EDITORIAL: U.S. Attorney's Manchin Investigation Remains a Mystery

HNN Staff

Not every federal investigation, even one as long and intricate as the probe into the Manchin Administration, must result in a flurry of indictments. However, when an investigation involves no less than five sets of subpoenas, the public is within its rights to ask if the hapless federal prosecutors knew what they were doing in this anti-climactic Manchin investigation..  Even Federal Judge John Copenhaver seemed astonished at the extraordinarily thin results of the lengthy investigation.

For example, at least twenty conversations were conducted that appeared to garner enough evidence to indict two Manchin Administration employees on mail fraud, an easily established federal violation.   After reviewing the evidence in a recent hearing where the subpoenas' demands were made public, Judge Copenhaver asked the federal prosecutors at a recent hearing, "What's different about this case than any other?"

We suspect the judge knows the answer to his own question.  We have a good hunch ourselves.

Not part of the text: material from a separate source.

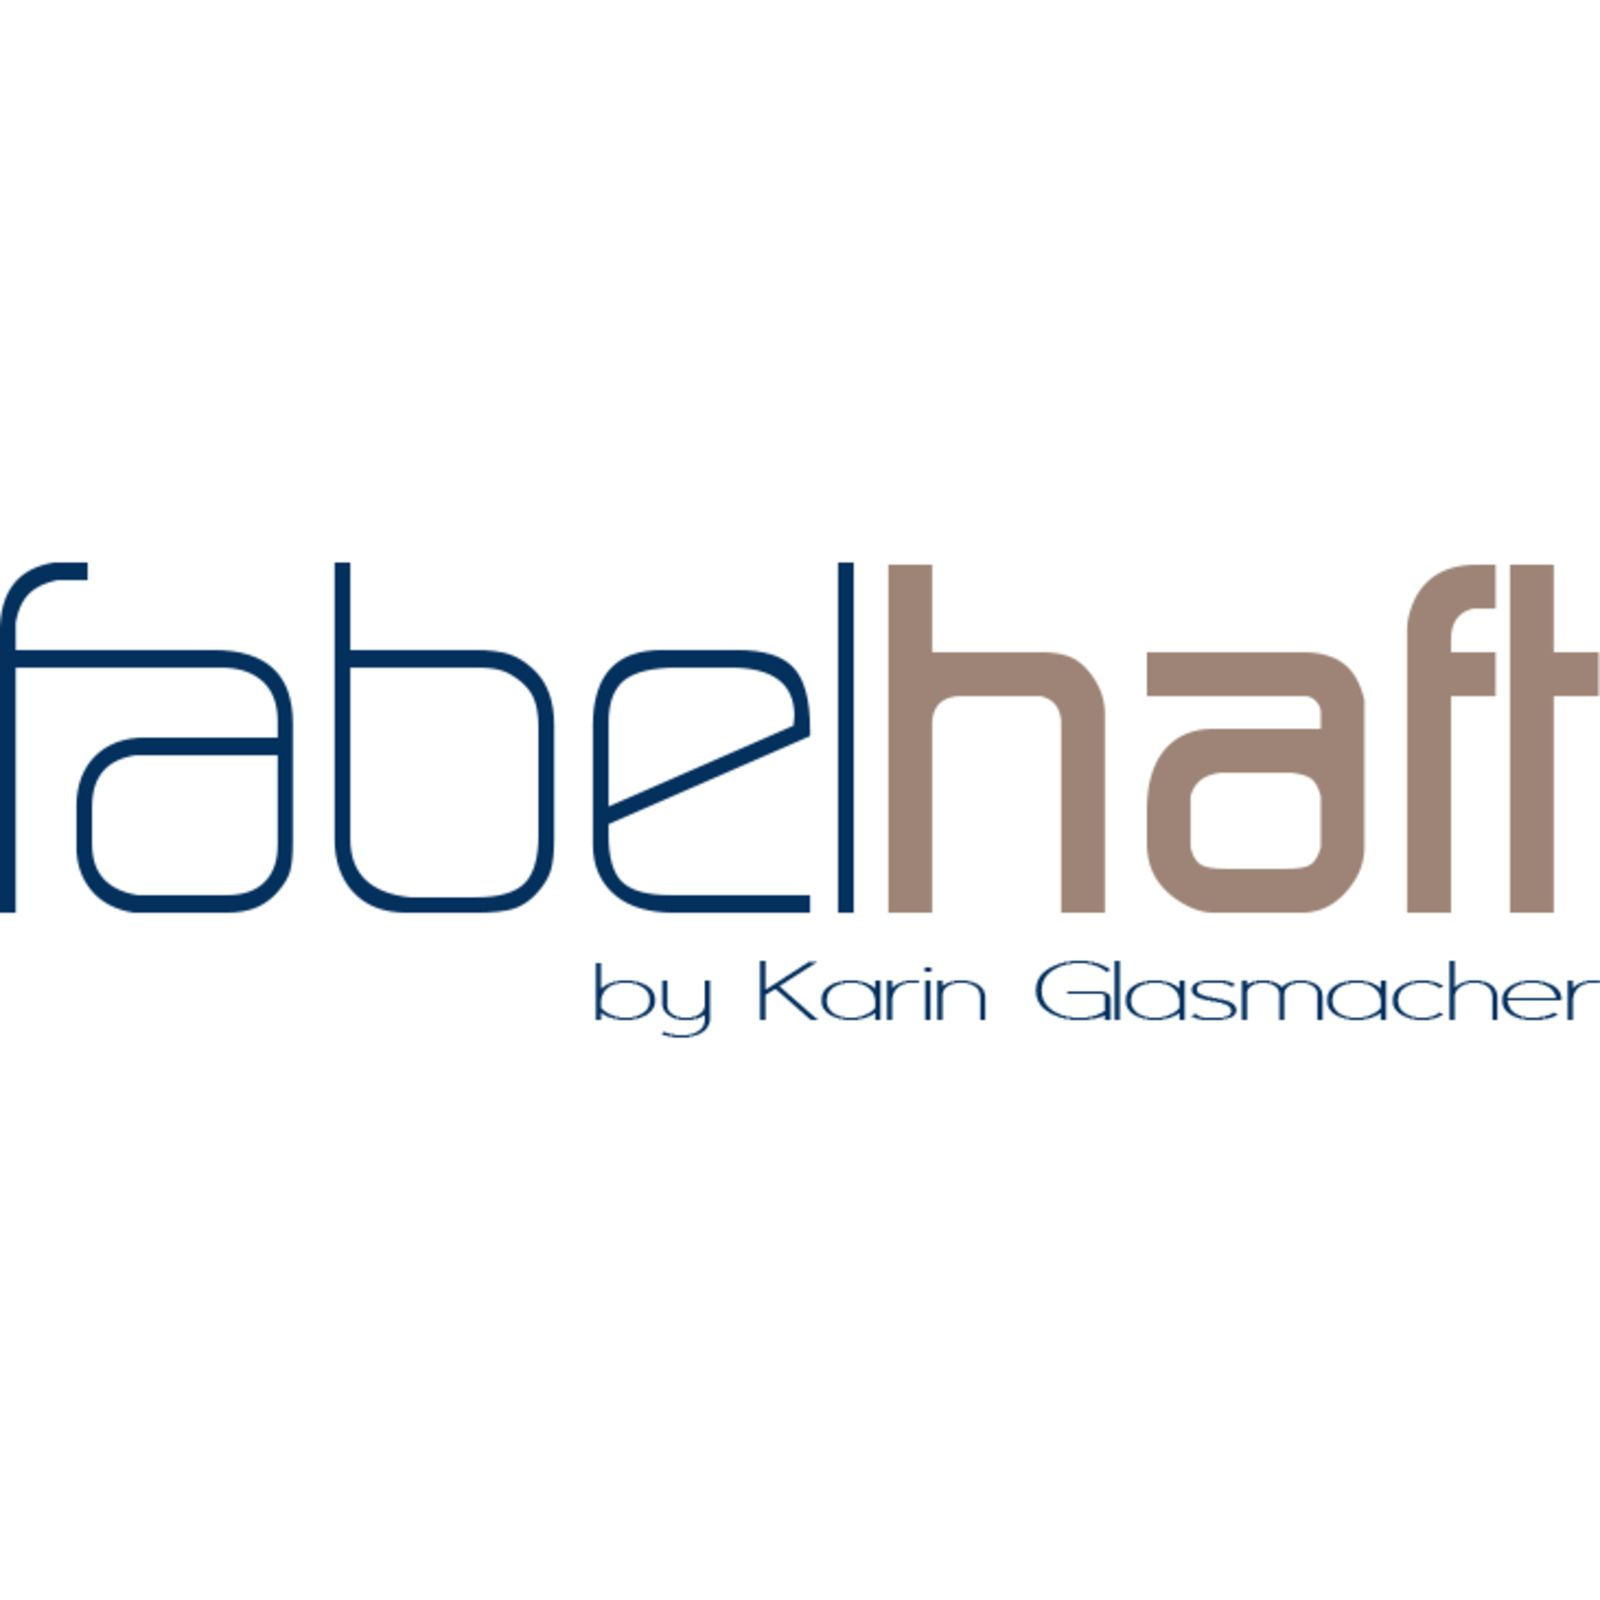 fabelhaft by KARIN GLASMACHER

For one thing, the U.S. Attorney for the Southern District of West Virginia during this federal investigation was R. Booth Goodwin II.  You remember the Goodwin family.  Booth Goodwin's cousin, Carte, was appointed by then Governor Mansion to be his placeholder in the seat of the late Robert C. Byrd.  In fact, Carte Goodwin was appointed to the U.S. Senate on July 16, 2010, a mere 21 days after his cousin, Booth, was sworn in as the new U.S. Attorney for the Southern District of West Virginia on June 25th of that year.

The first subpoenas hit the Manchin Administration on July 28th, a little over a month after Booth Goodwin became U.S. Attorney, and less than two weeks after Carte Goodwin was appointed U.S. Senator by Manchin.

It is certainly conceivable that Manchin was aware of the pending investigation before the first subpoenas came at him.  Did knowledge of this federal investigation, in the middle of an election season for Byrd's seat, add into the calculus for the new U.S. Attorney's first cousin to be named by Manchin to the highest office in the land?

Who knows, but it might explain how the rather youthful Carte Goodwin got the nod to be U.S. Senator Robert Byrd's replacement over so many other Democrats who might have felt overlooked.

Manchin may believe that he is in the clear now with this particular case being closed.  However, the U.S. Attorney's office may yet try to redeem itself after such a modest result following such an expenditure of man hours in the Manchin Administration investigation.  We're not sure that we've ever heard before of an investigation featuring five rounds of subpoenas netting only six months in a halfway house for one person involved in the investigation.

Thus far, these Obama-appointed prosecutors certainly aren't the same caliber of prosecutors that brought former Governor Arch Moore down under the Reagan Administration. Republican-appointed federal prosecutors were able to bring one of their own to justice.   Perhaps the Obama appointees will still find a way to do the same if the evidence is there to come forward with more indictments.

After all, justice should come before party affiliation and family ties.